The Minotaur by Barbara Vine

April 7, 2010

A few weeks ago, during a cold and rainy weekend, I felt like I needed to get out of the house, go somewhere cozy, and start a good mystery. The only problem was that I didn’t have many modern mysteries sitting around the house unread. So I walked across the street to the local bookstore, and with Karen’s recommendations in mind, perused the mystery section  until I settled on Barbara Vine’s The Minotaur. I then walked over to a great cafe, ordered a warm sandwich and then basically didn’t put this book down until I finished it a day or so later.

Barbara Vine is one of the pen names of Ruth Rendell, who is considered one of the best modern mystery writers. Before The Minotaur, I hadn’t read anything by her (under either name), so I can’t compare how her Vine books compare with her others. I will say that although this book was published by “Vintage Crime,” I haven’t the slightest idea why this book would really be considered a mystery or even a crime novel. Yes, someone dies. No, that doesn’t make it a mystery. Why this book with a death in it is considered anything other than literary fiction is really the only mystery to me. There are so many “literary” books published every year that are not nearly as well written, have worse character development, and contain fewer psychological insights than this novel does. I would say that The Minotaur is a suspenseful piece of literature that happens to have a murder in it.

With that complaint out of the way, I’m sure that by now most of you can tell that I loved this book. The story centers around a Swedish nurse, Kerstin, who takes a job as a nurse at an old English country house in the 1960s. As time goes by, Kerstin begins to know the family–a mother, three daughters, and a son–and their eccentric ways and relationships. She also learns about the funny little town they live in and the people who live there. The interesting thing about this book is that there isn’t a single bit of coincidence or sleuthing–instead, it’s all about the psychology of what makes people act the way they do. The events of the plot occur not because someone has a crazy motive or because something unexpected happened, they occur because of the natural tensions that arise out of complex and convoluted personal relationships. For that reason, The Minotaur was unlike any other “mystery” book I’ve read, and now I understand why Vine/Rendell is considered a master of suspense. I can’t wait to pick up another one of her books!



  1. I love Ruth Rendell, especially when she’s writing as Barbara Vine. This wasn’t my favorite Vine (A Dark-Adapted Eye is my fave), but even mid-level Vine is better than most psychological suspense novels out there.

    As for her Rendell books, I think they’re closer to being traditional crime novels, and they’re also usually quite good. I tend to avoid her Inspector Wexford books, but I’ve liked the others.

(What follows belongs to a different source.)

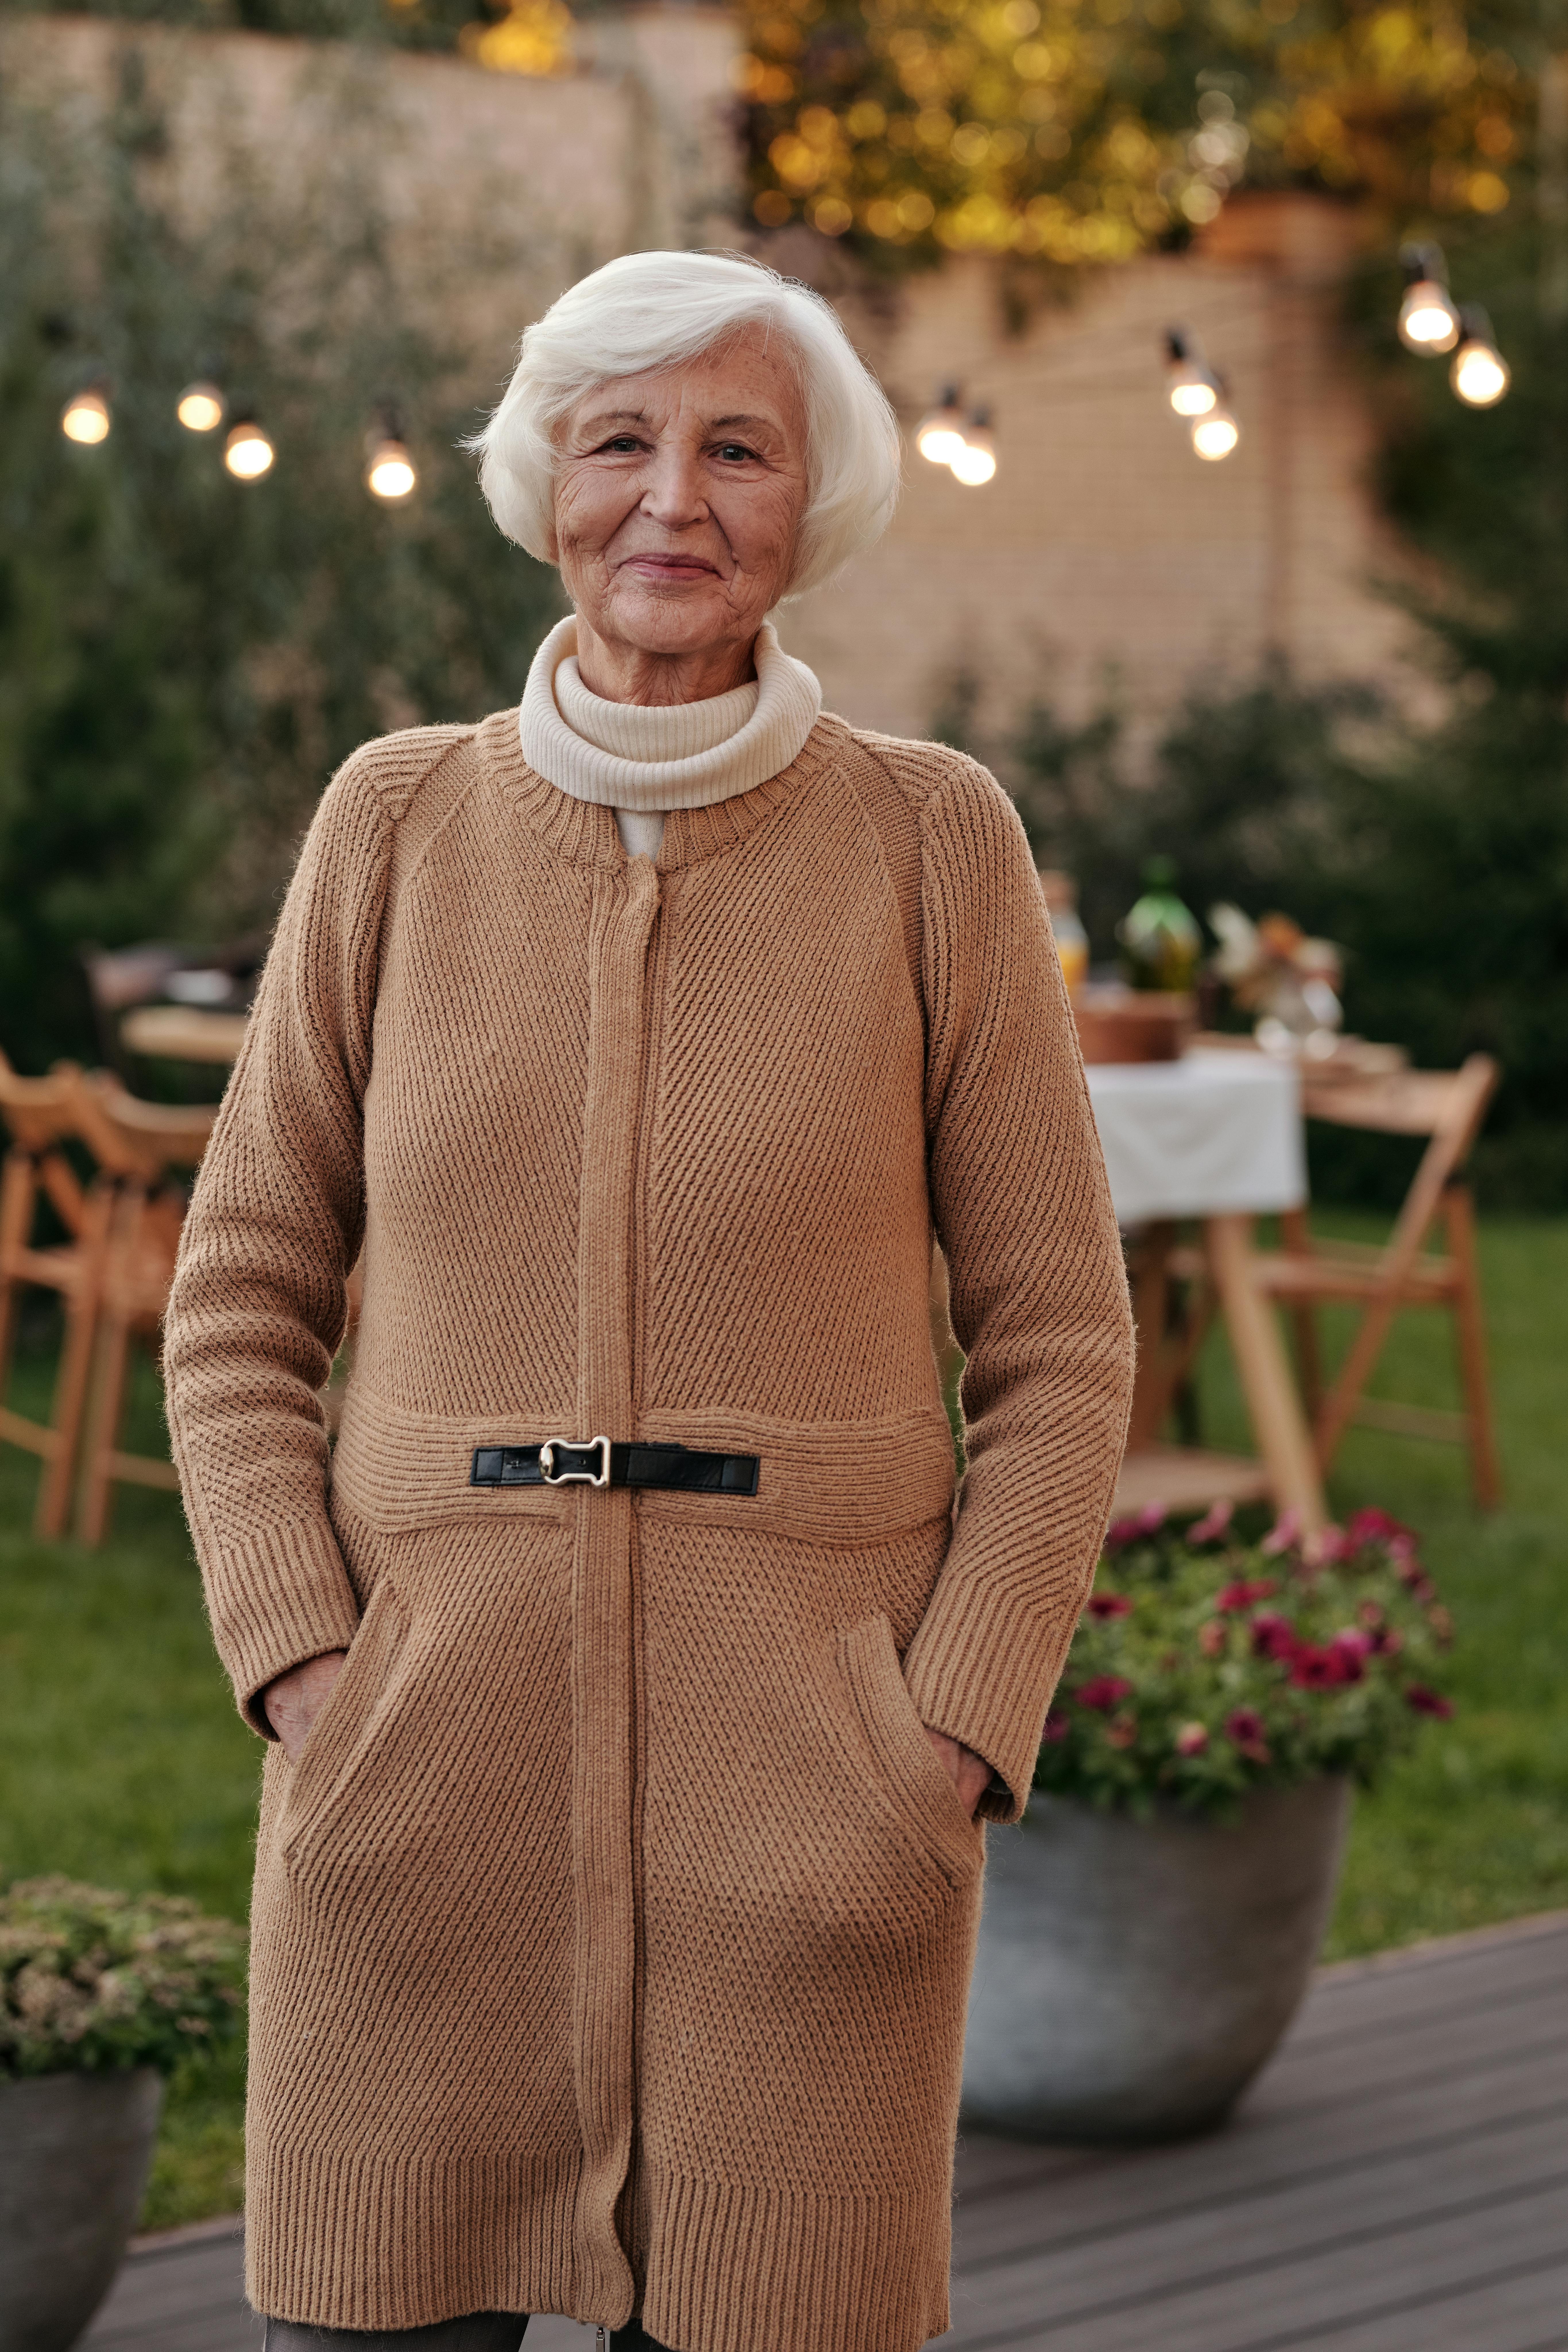 Une femme âgée heureuse et fière pose pour une photo à l'extérieur | Source : Pexels

    • I’m glad that I have several other excellent Vine’s ahead of me!

  2. I’m so pleased that you like Barbara Vine! I recommend her to anyone that will listen to me. Vine/Rendell has written so many great books. I really recommend Anna’s Book. And The Blood Doctor. . . I could go on and on. I enjoy the Wexford books also, and the short stories.

    • Anna’s Book is definitely on my to-read-soon list; I just have to find a copy in the US!

  3. I love Barbara Vine/Ruth Rendell’s novels and I’ve read quite a few of them (most of the Vines) and she doesn’t always fit the mystery/crime mold well. I think it is the psychological aspect that puts here there–usually something bad has happened and the story revolves around figuring out why. If you liked this one, some of her older books are even better! I liked The Minotaur a lot. A Dark Adapted Eye is also my favorite but also loved A Fatal Inversion, Anna’s Book and A Judgement in Stone, which is a Rendell novel. Really, almost anything by her is going to be good!

    • I think you’re definitely right–the psychology in her novels really differentiates her. I will be on the lookout for some of the titles you mentioned.